### What this task involves
Only the lines from the one containing "Rhubarb Meringue Dessert Pin" through the final line below belong in the output, copied exactly and without pictures.

### Provided material
*** Begin section ***

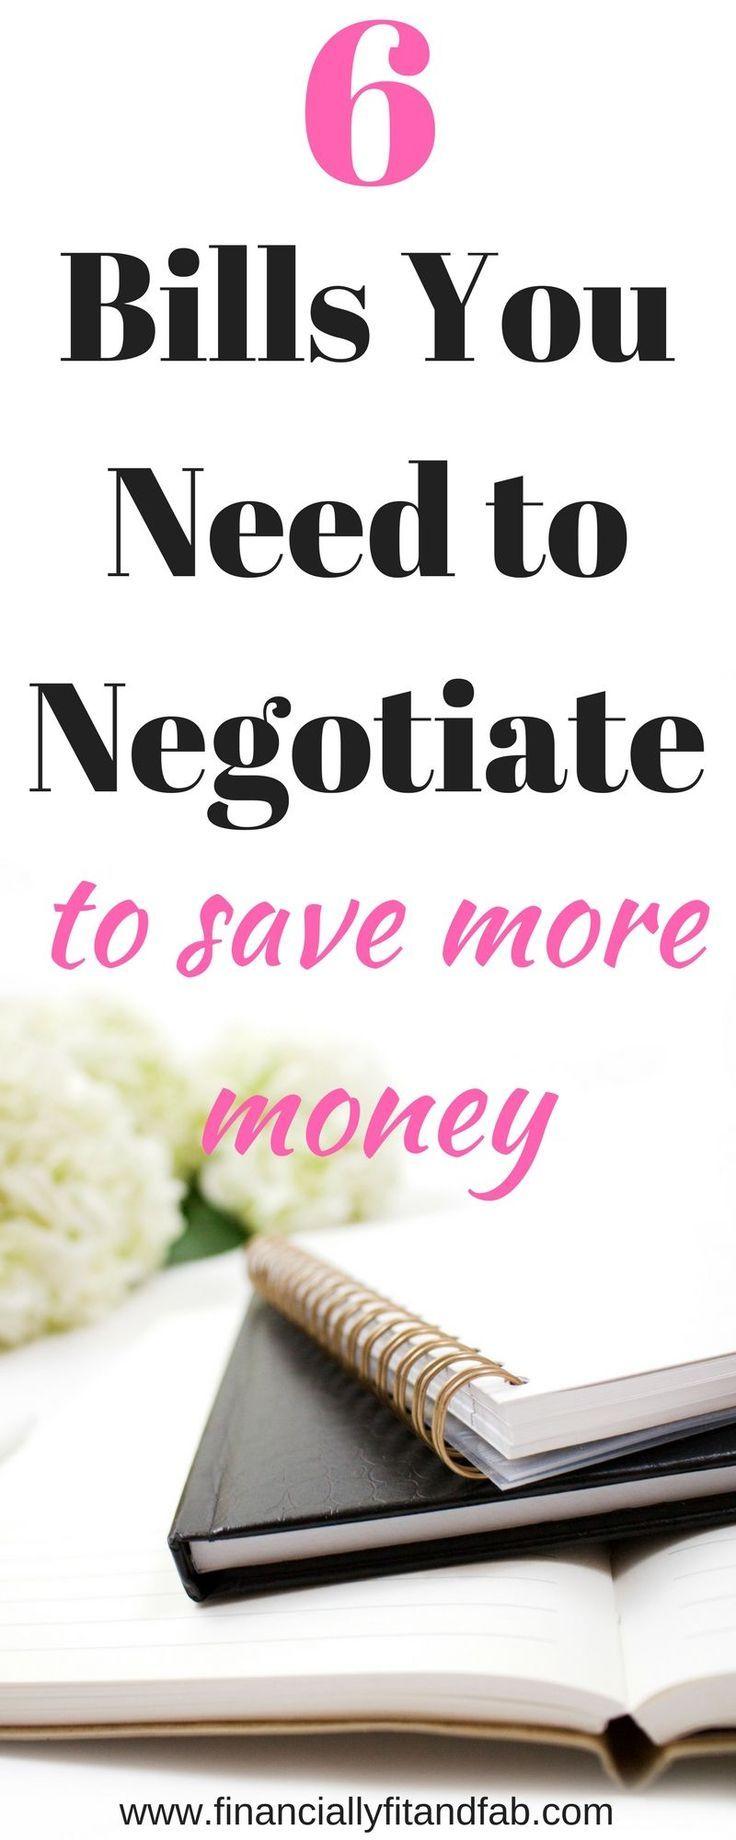 6 Bills you Need to Negotiate to Save More Money | Saving Money | Budgeting | Saving | Money Management | How to Save Money
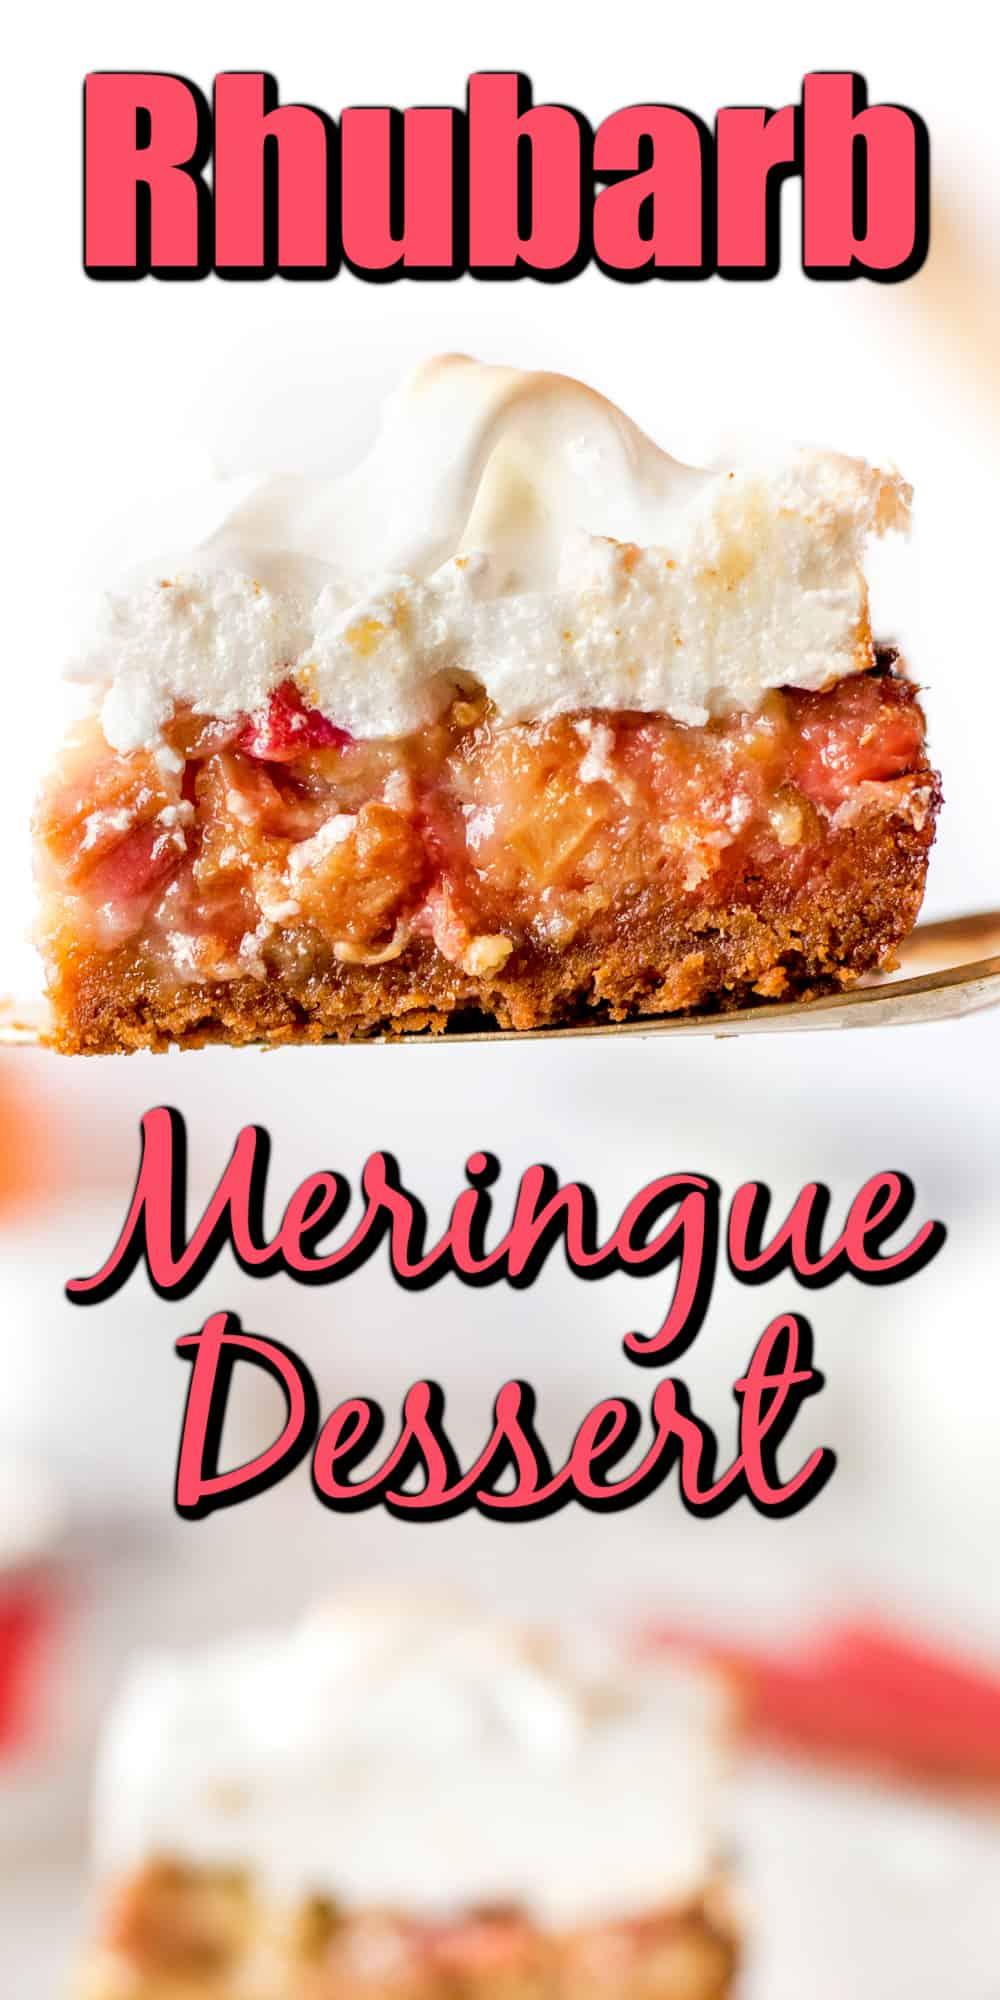 Rhubarb Meringue Dessert Pin
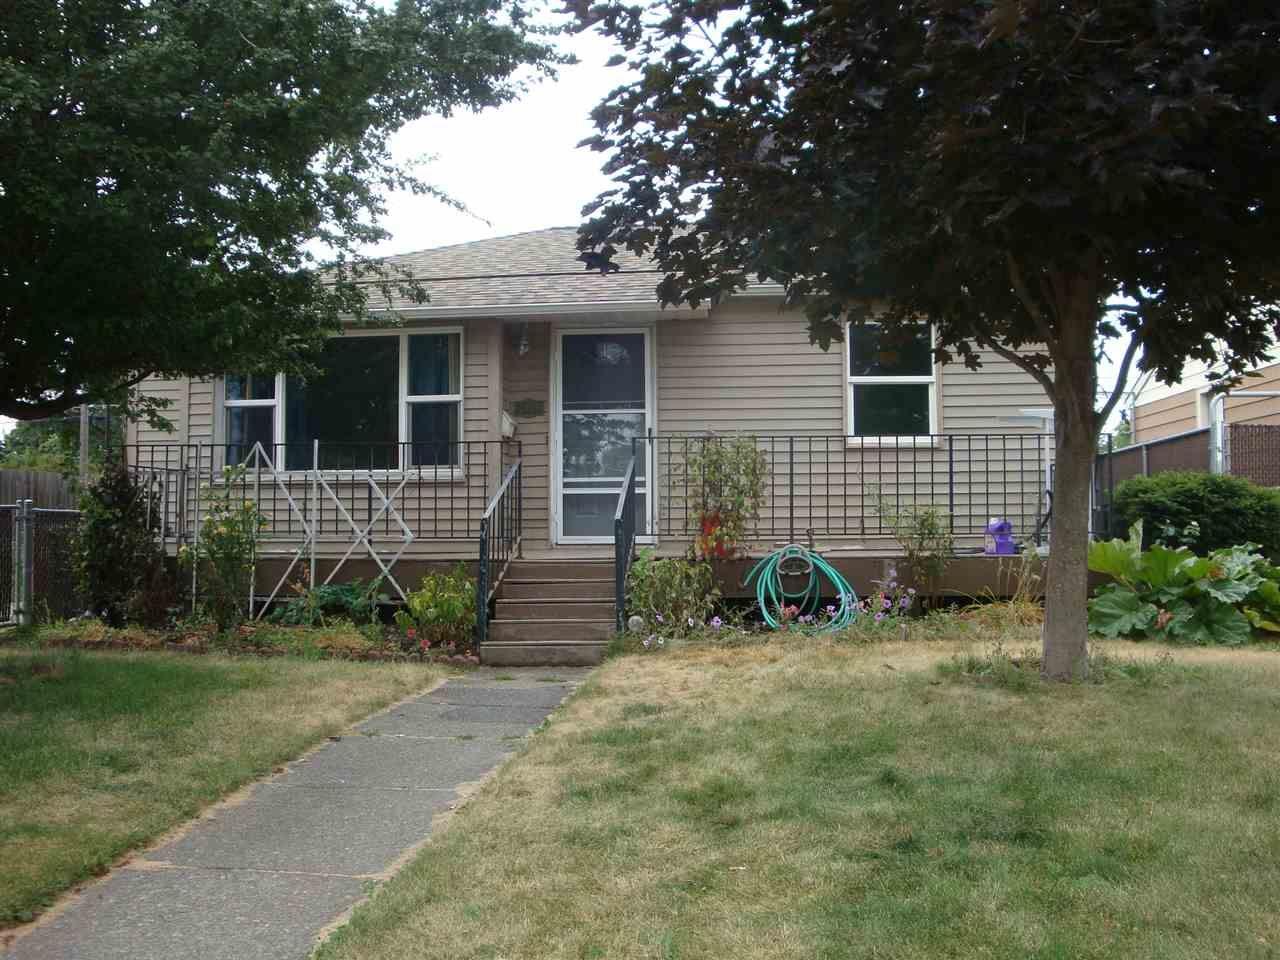 2414 E Hoffman Ave, Spokane, WA 99207 - #: 202020401

*** End section ***

### Result below
 Rhubarb Meringue Dessert Pin
 2414 E Hoffman Ave, Spokane, WA 99207 - #: 202020401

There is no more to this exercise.